Am I really uninfected?

Am I really uninfected?

COVID-19 and rapid testing

What’s new is the appearance of a large number of rapid tests, for both professional and home use. They are relatively inexpensive, more convenient to administer, and capable of returning results quickly…

Bill Casselman
University of British Columbia, Vancouver, Canada

I discussed the accuracy of tests for COVID-19 in an earlier column, but I am going to take up the same topic in this one. What’s new is the appearance of a large number of rapid tests, for both professional and home use. They are relatively inexpensive, more convenient to administer, and capable of returning results quickly. A number of governments now use them to screen health care workers and travelers regularly. Considering how much government policies now depend on them, it is natural to wonder, how accurate are they? To what extent should they be relied on? These are especially important questions, given the natural urge to want certainty rather than nuanced probabilistic judgements.

There are basically two kinds of diagnostic tests for COVID-19. (I recall that a diagnostic test is one that detects whether the patient is currently infected, as opposed to those tests that detect whether the patient has been infected in the past.) These differ in which of the two viral components, genetic or structural, that they measure.

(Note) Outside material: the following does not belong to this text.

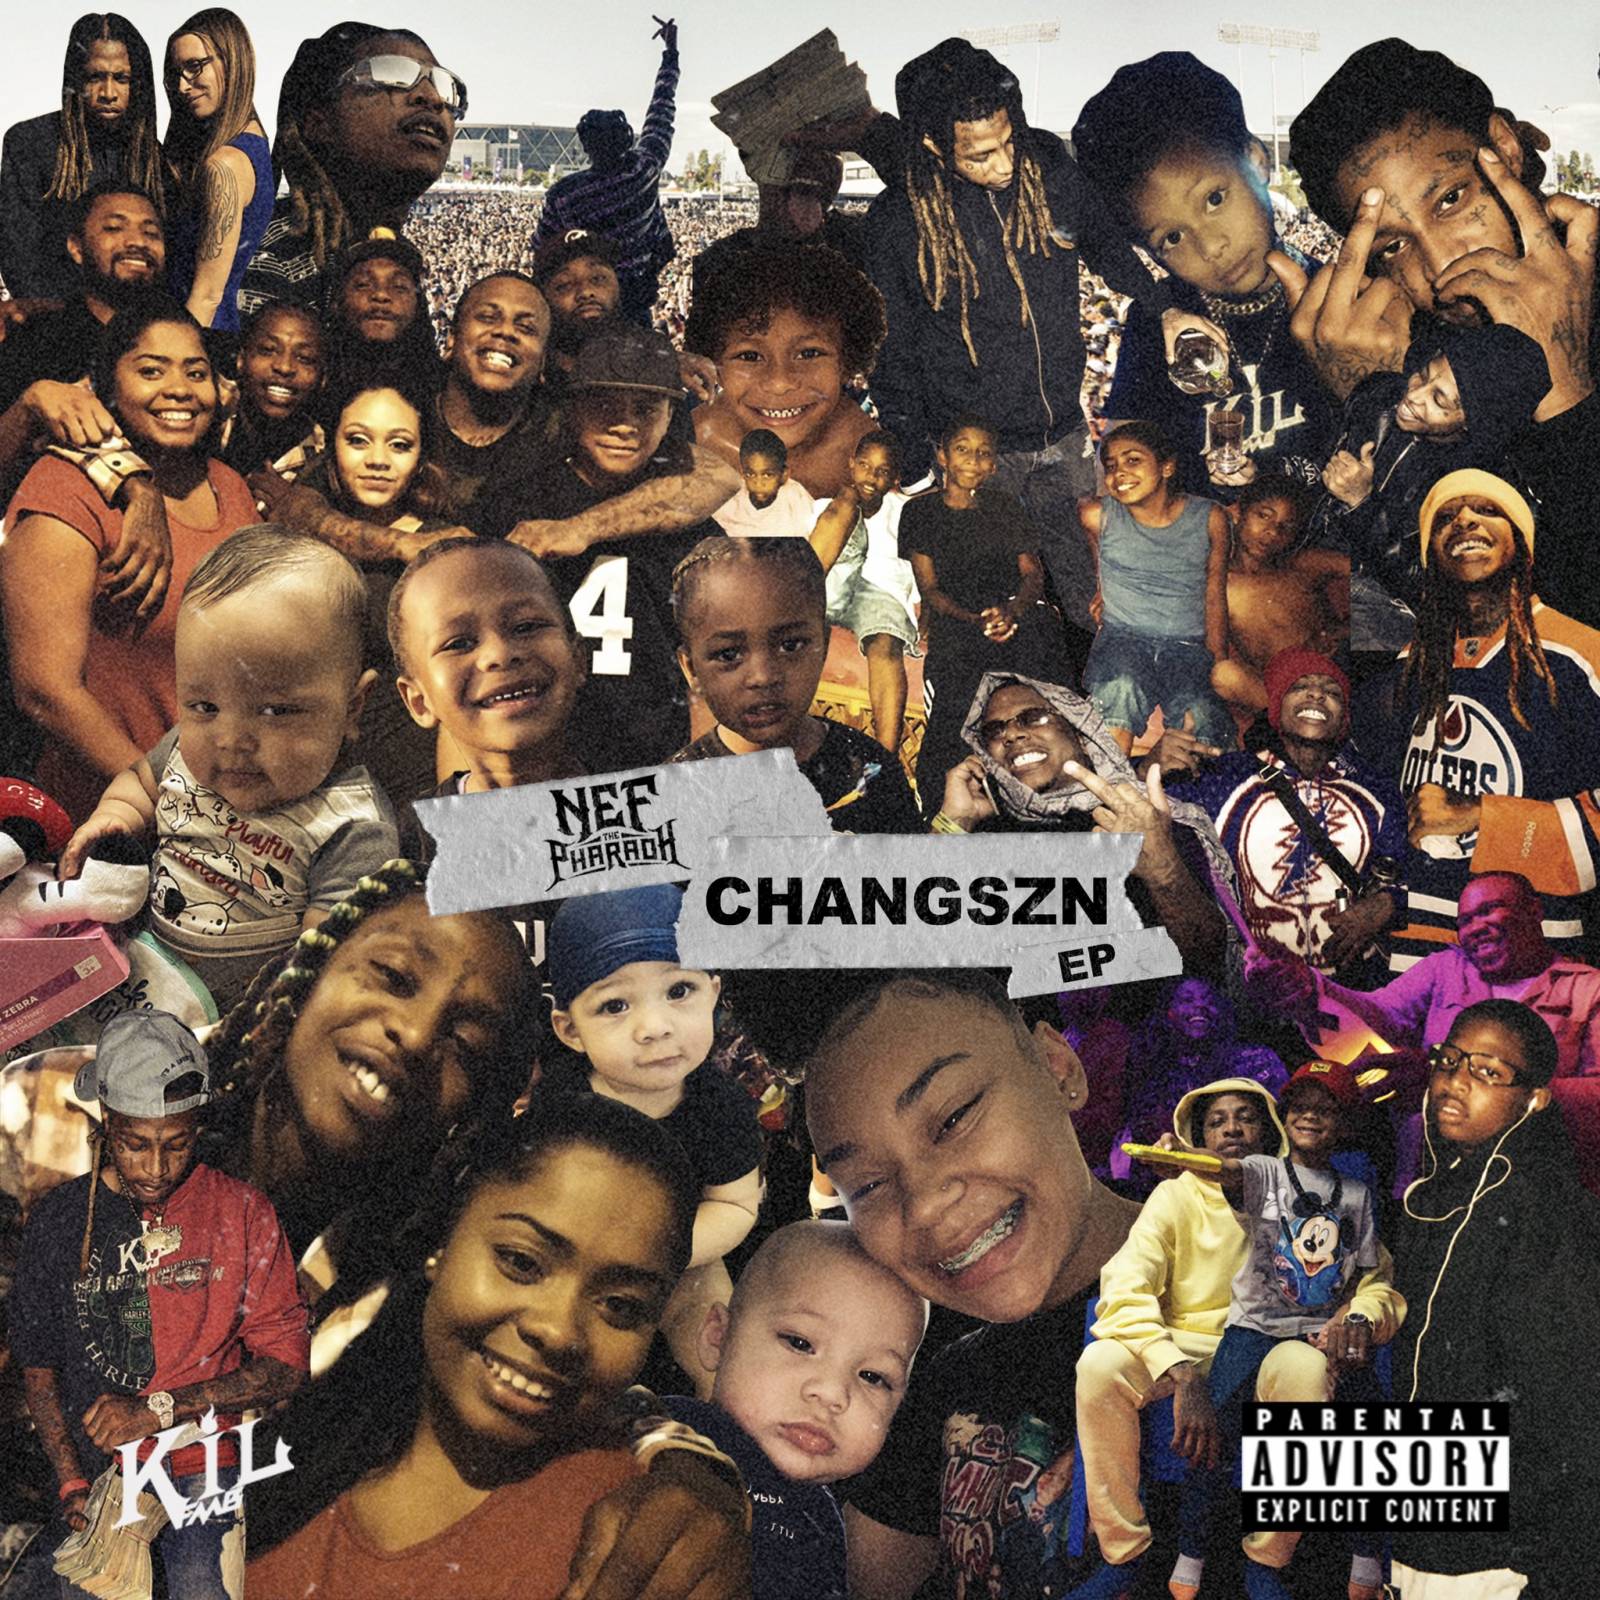 Nef The Pharaoh Releases 'CHANGSZN' EP

The genetic component of the coronavirus is made up of RNA, and quantities in a sample can be amplified by standard cloning techniques (in a process known as Polymerase Chain Reaction) so that even very small amounts of viral material become evident. Tests using these techniques are called PCR tests. They are extremely accurate, but processing the samples as well as the amplification process unavoidably take time, generally about 24 hours, and more with heavy work loads. Another problem with these is that samples have to be handled very carefully, and thus results are reliable only if the tests are given under strictly controlled conditions.

The structural component is protein, and is detected much more quickly by the same type of lateral flow test that is used in medical tests to detect other proteins, for example those that signify pregnancy. These are called antigen tests, because they rely on essentially the same protein detection techniques that the human body does to recognize foreign matter. The antigen tests have two advantages. They do not have to be given under medical supervision, and they give answers quickly—sometimes within several minutes. But they are less accurate.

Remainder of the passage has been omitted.